診断のポイント
【1】45~65歳までの若年に多く発症。
【2】精神症状や行動異常,言語障害が前景に立つ認知症。
【3】行動障害型(前頭側頭型認知症)と失語型(意味性認知症および進行性非流暢性失語症)を包括する臨床診断名。
【4】遂行機能障害とは,“要領・手際の悪さ”であり,目標を定め,その実現に向けて計画を立て,段取りを踏んで実行ができないことをいう。
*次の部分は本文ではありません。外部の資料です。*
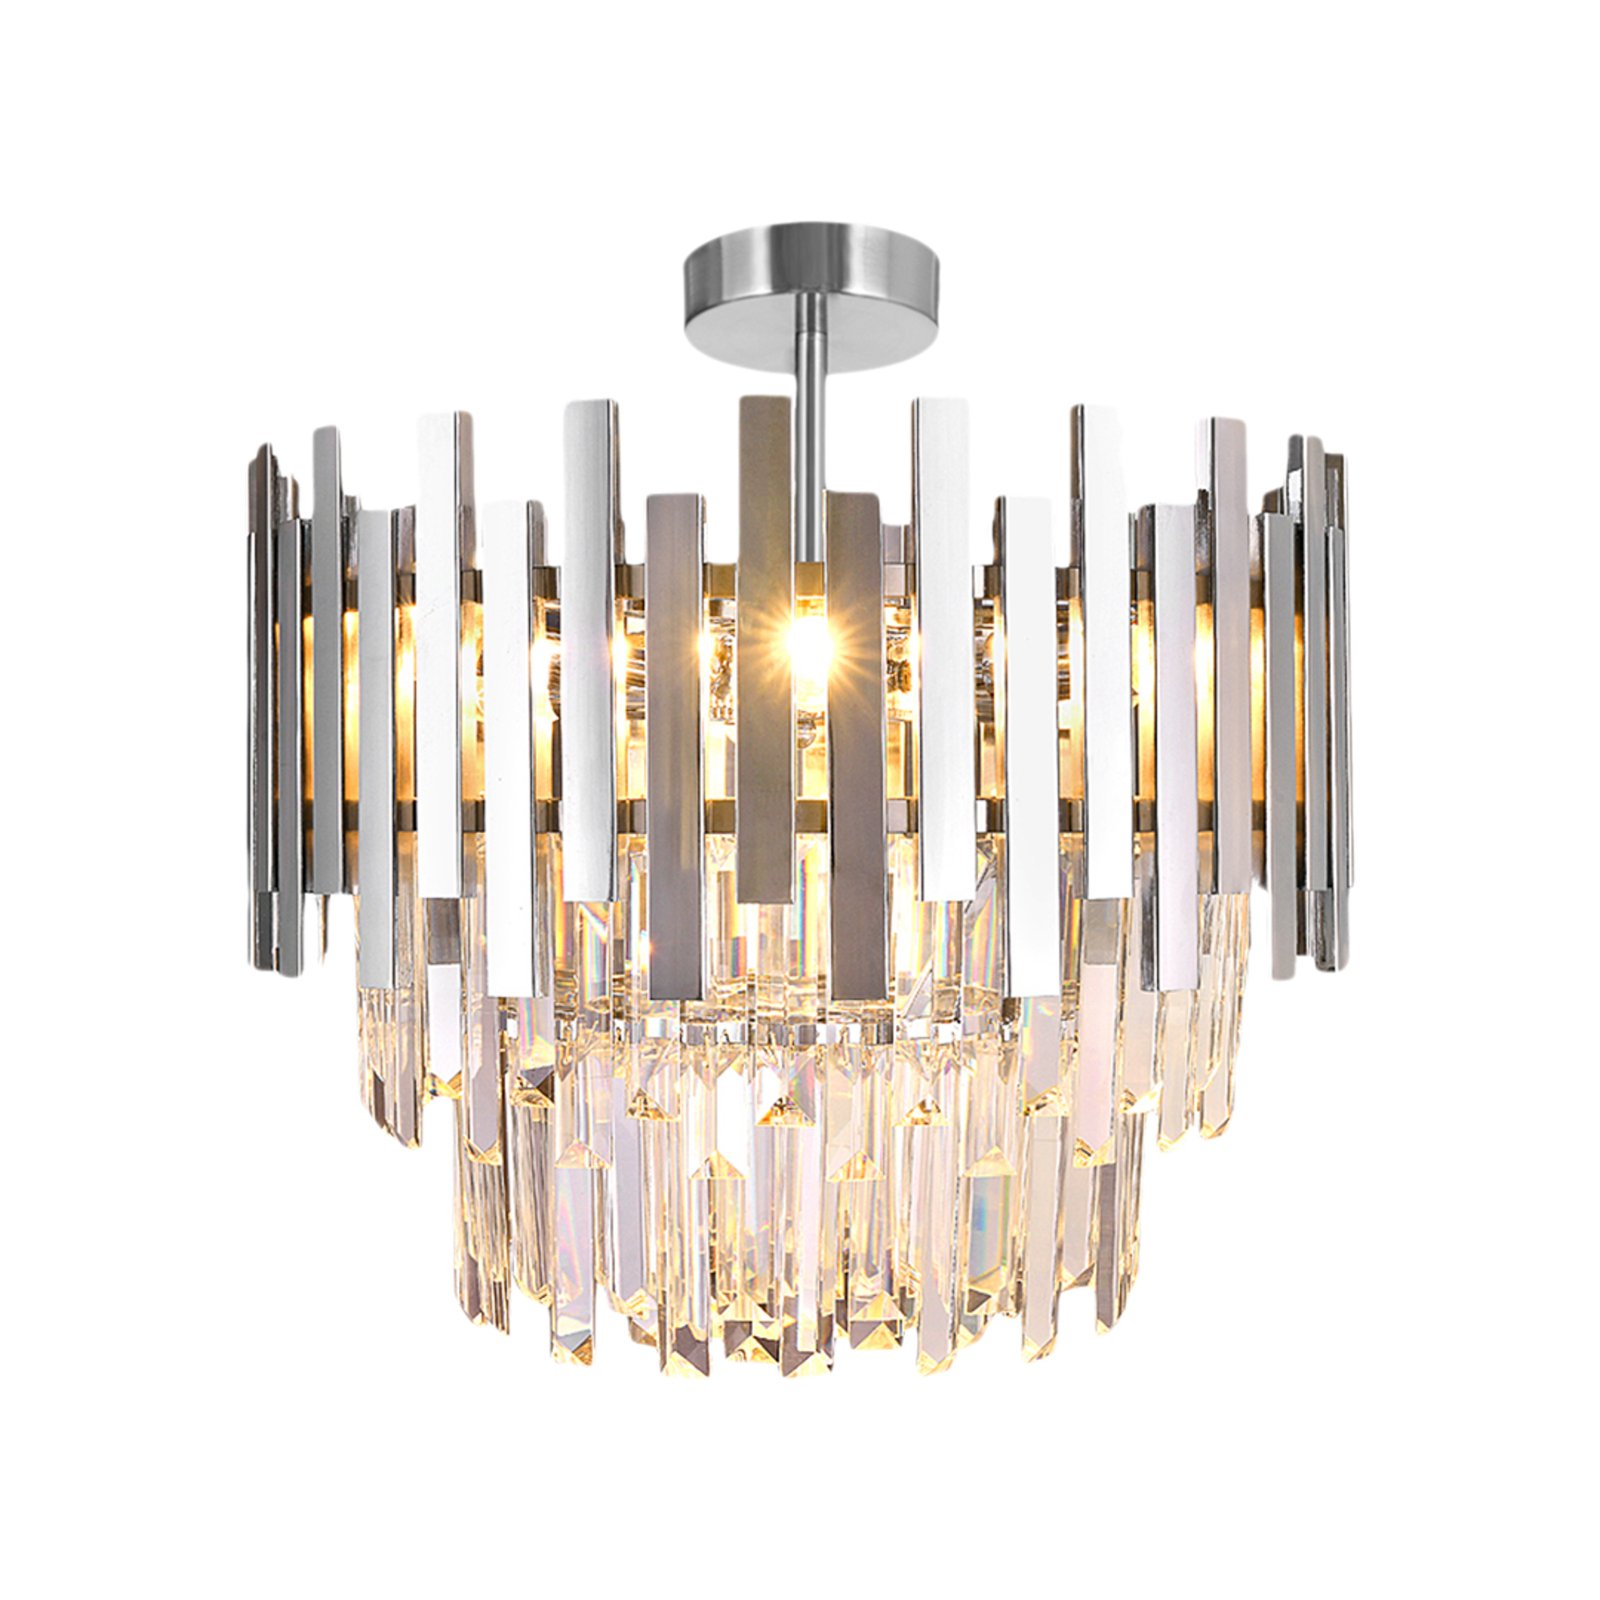 Loftslampe Aspen kromfarvet metal, glaskrystaller, Ø 45 cm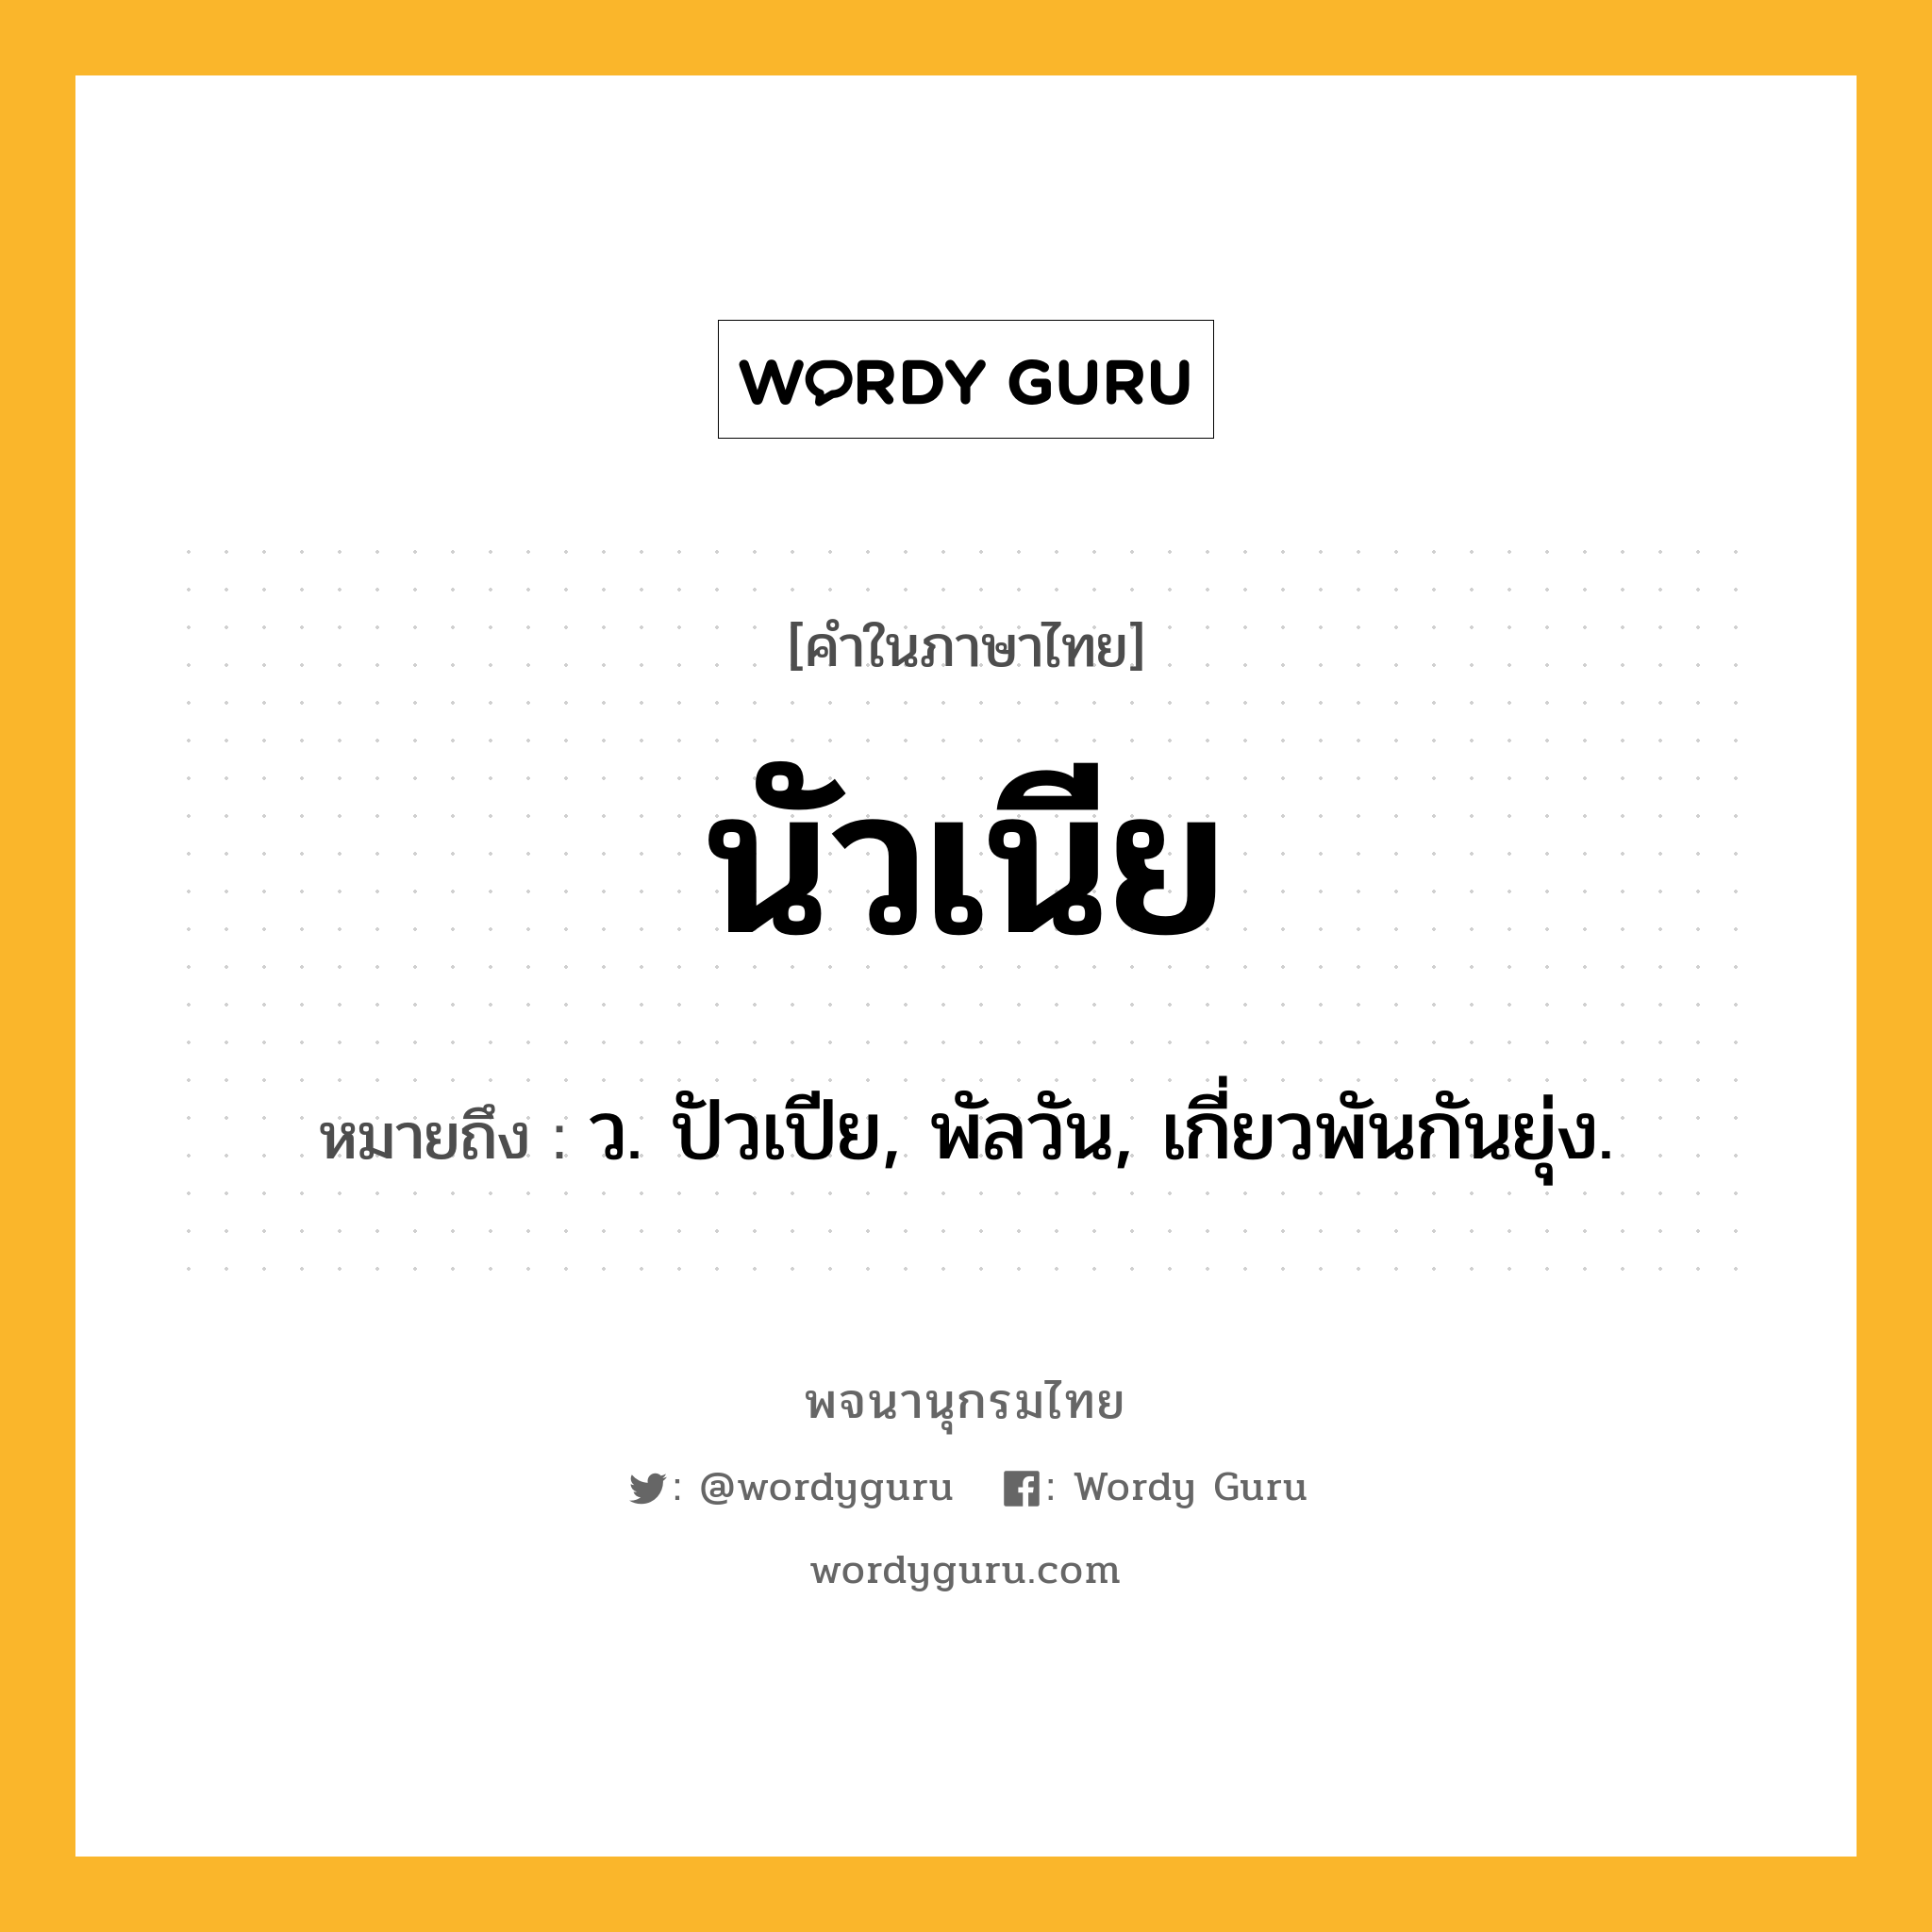 นัวเนีย หมายถึงอะไร?, คำในภาษาไทย นัวเนีย หมายถึง ว. ปัวเปีย, พัลวัน, เกี่ยวพันกันยุ่ง.

【5】運動ニューロン症状やParkinson症状の合併に留意。
症候の診かた
【1】行動障害型前頭側頭型認知症:RascovskyらによるFTDC基準の使用が認知症診療ガイドライン2017でも提唱されている。診断の要点は,表1図のとおりである。
【2】意味性認知症
❶語義失語(物品呼称障害と単語理解の障害)
■対象物への知識の障害(ヒントによる語頭音効果がなく,再認障害も特徴)。
■表層性失読(海老を「カイロウ」と読む逐次的錯読)。
■失書(化粧を「毛勝」のごとく同音異義な錯書)。
❷復唱は保たれ,流暢性の発語で,発話(文法・自発語)は保持される。
【3】進行性非流暢性失語症
❶発語における失文法もしくは努力性で淀みのある発語,不規則な音韻の誤りや歪み(外国人様のアクセント)を呈する進行性の非流暢/失文法型失語。
❷対象物の知識と単語の理解は保たれるが,文法的に複雑な文章の理解に障害がみられる。
検査所見とその読みかた
【1】神経心理検査:行動障害型では前頭葉機能評価の追加が必要であるが,現状は診断特異的に使用できるものはない。
【2】言語機能評価
❶失語のタイプ判定に必須である。
❷意味性認知症評価目的に発案されたPyramids and Palm Trees testなどもある。
【3】脳画像(図1図)
❶行動障害型前頭側頭型認知症
■CT・MRIでは前頭葉優位で前頭葉・側頭葉の限局的な萎縮を示す。